BEGIN PROVIDED RECORDS

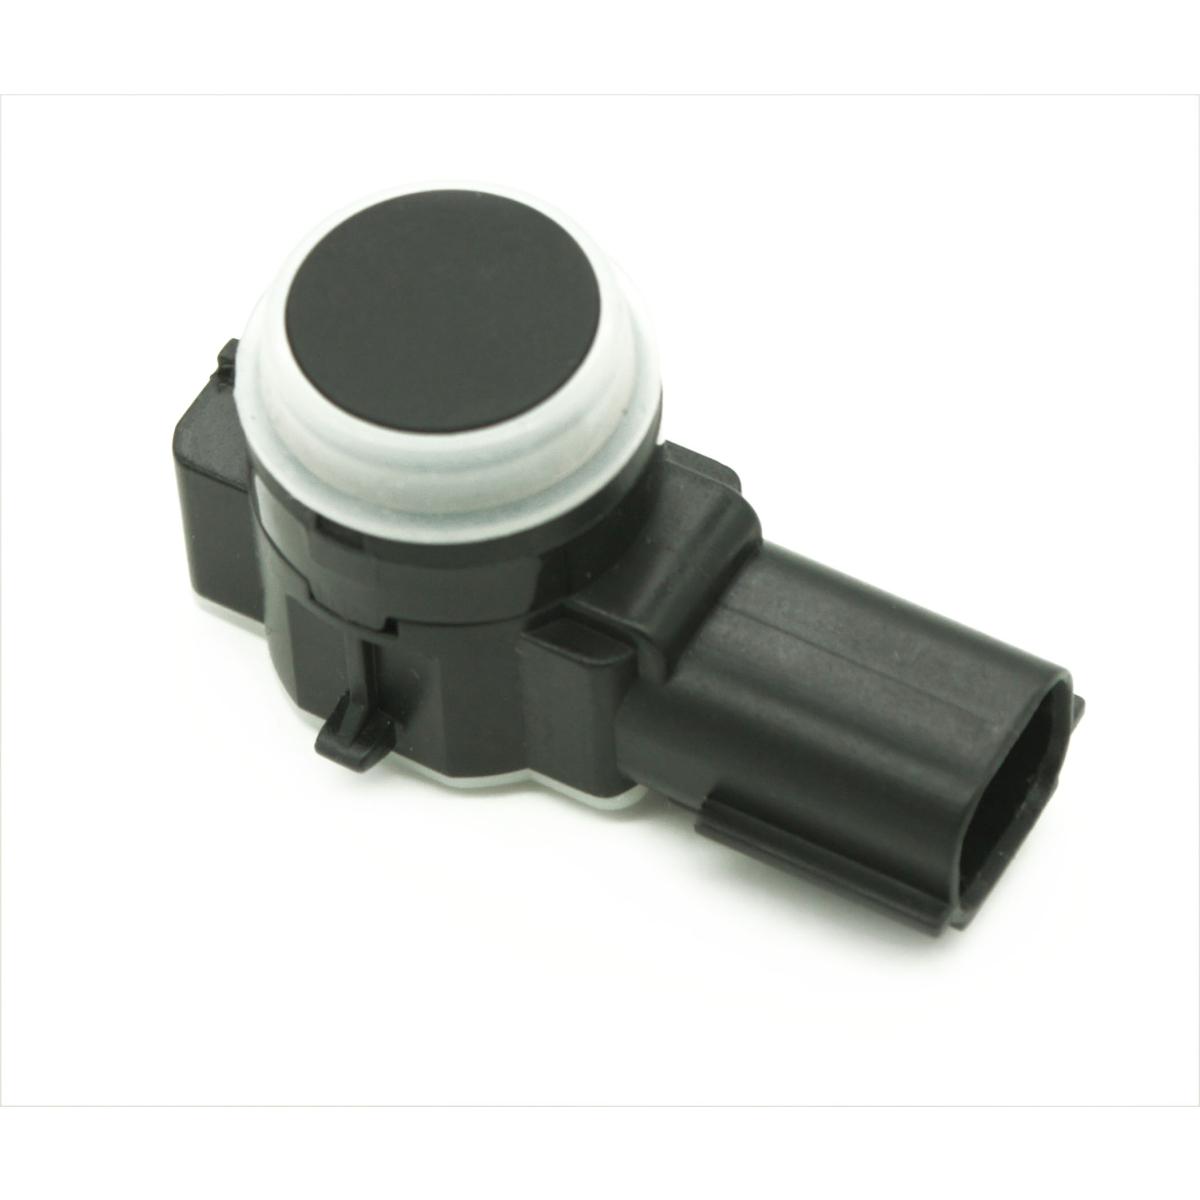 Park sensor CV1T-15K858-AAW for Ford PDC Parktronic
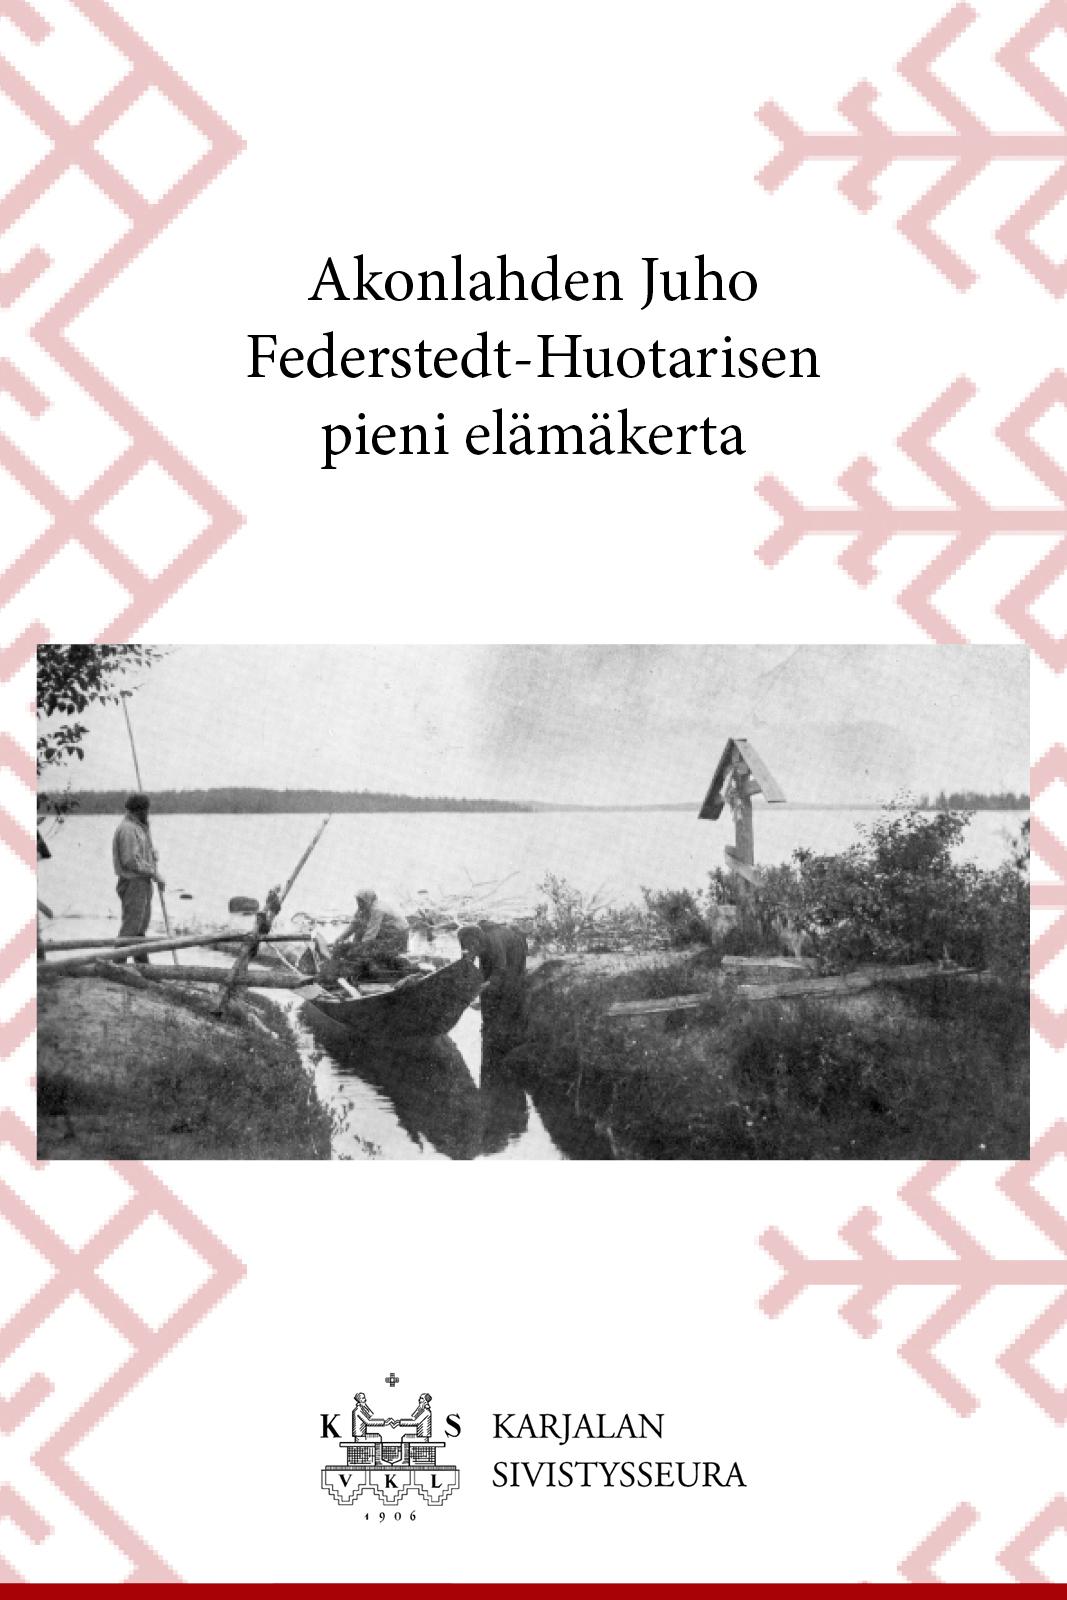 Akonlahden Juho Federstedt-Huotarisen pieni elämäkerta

END PROVIDED RECORDS
BEGIN PROVIDED RECORDS

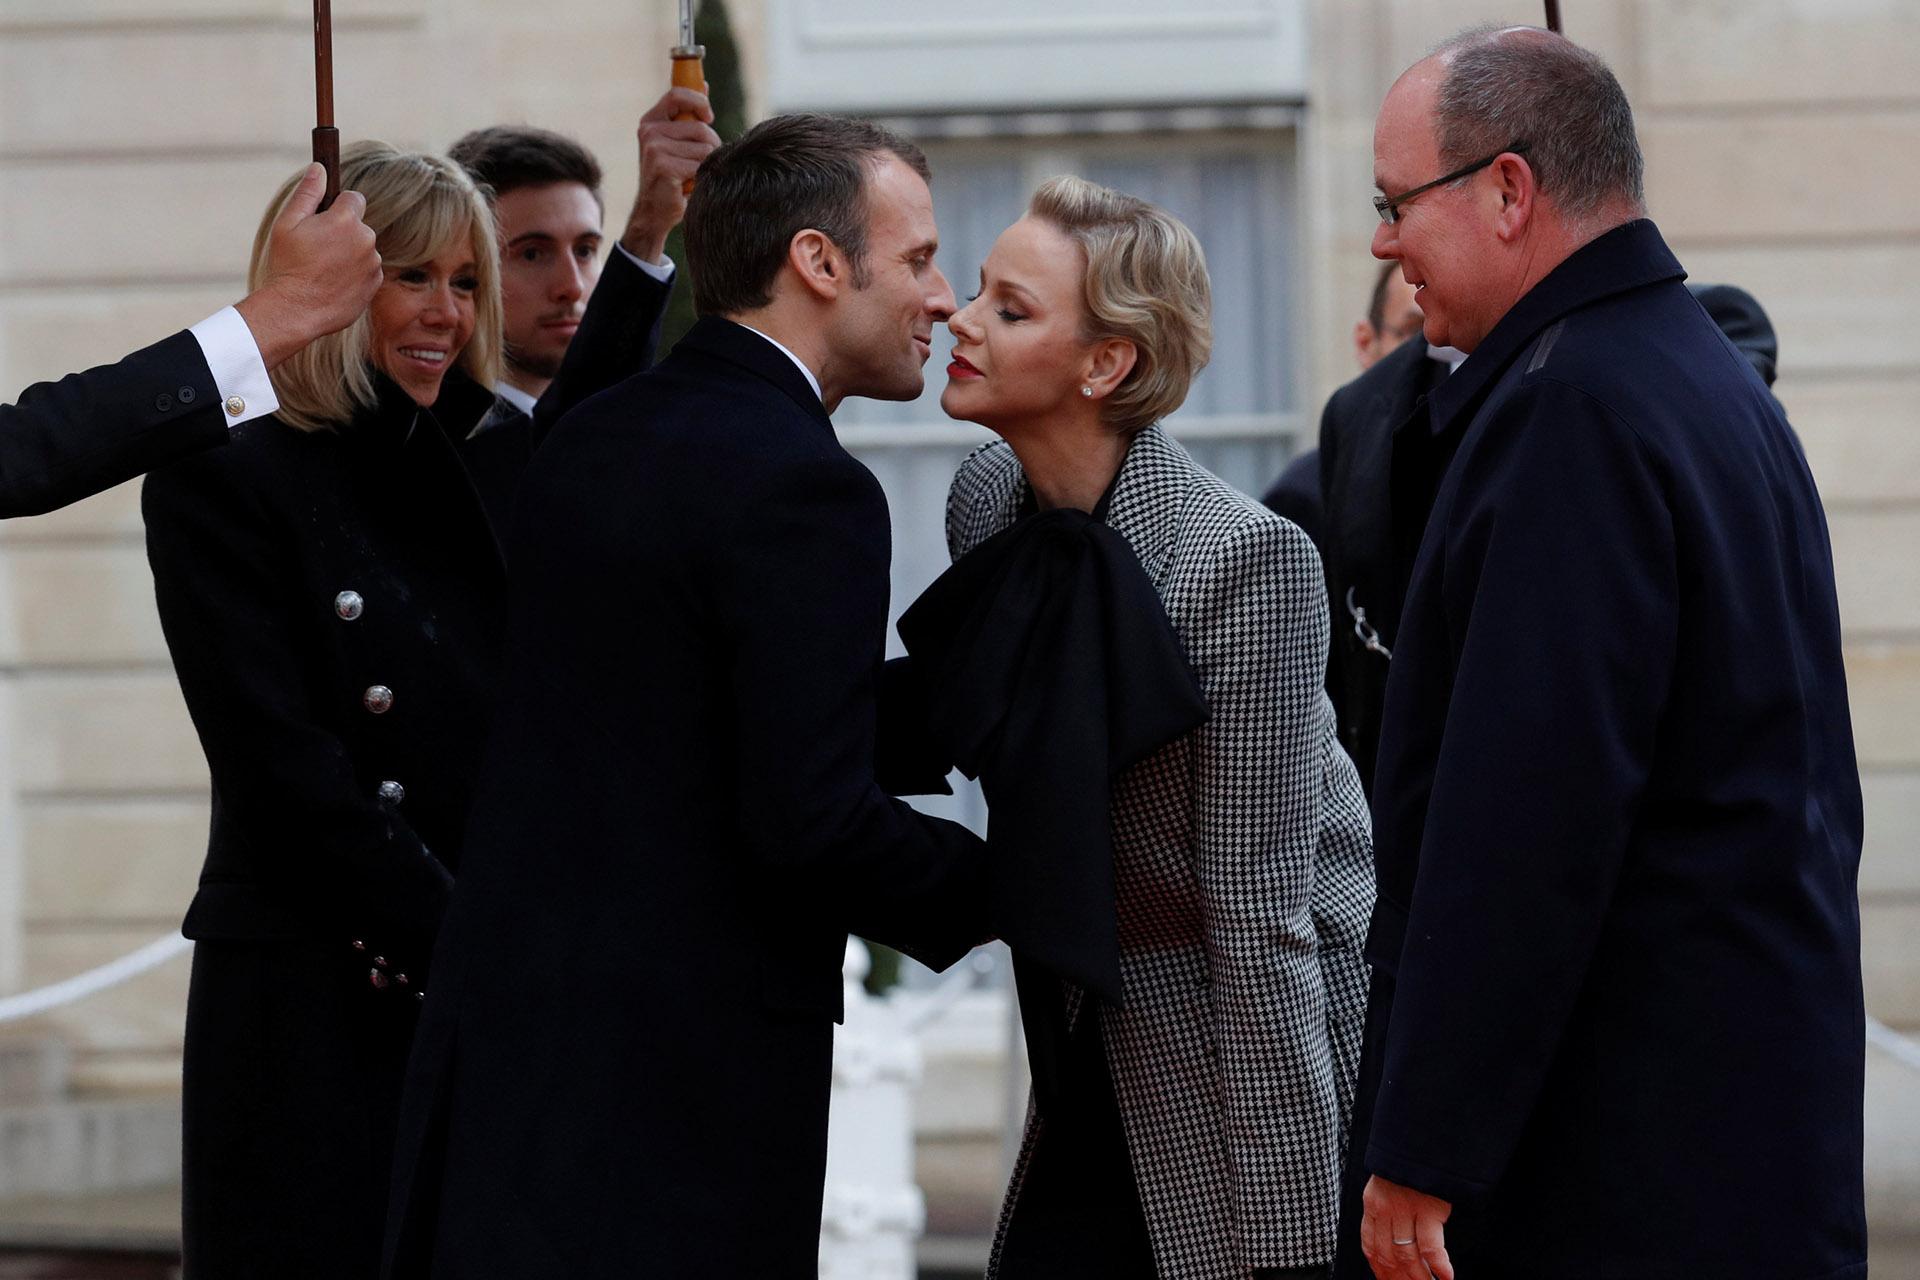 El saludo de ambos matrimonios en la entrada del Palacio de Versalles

END PROVIDED RECORDS

§ WORK ORDER:
Return exactly the lines that appear in the data above between the line containing "Park sensor CV1T-15K858-AAW" and the line containing "Akonlahden Juho Federstedt-Huotarisen", both of which are included, and leave the pictures out.

§ WRITTEN RESPONSE:
 Park sensor CV1T-15K858-AAW for Ford PDC Parktronic
 Akonlahden Juho Federstedt-Huotarisen pieni elämäkerta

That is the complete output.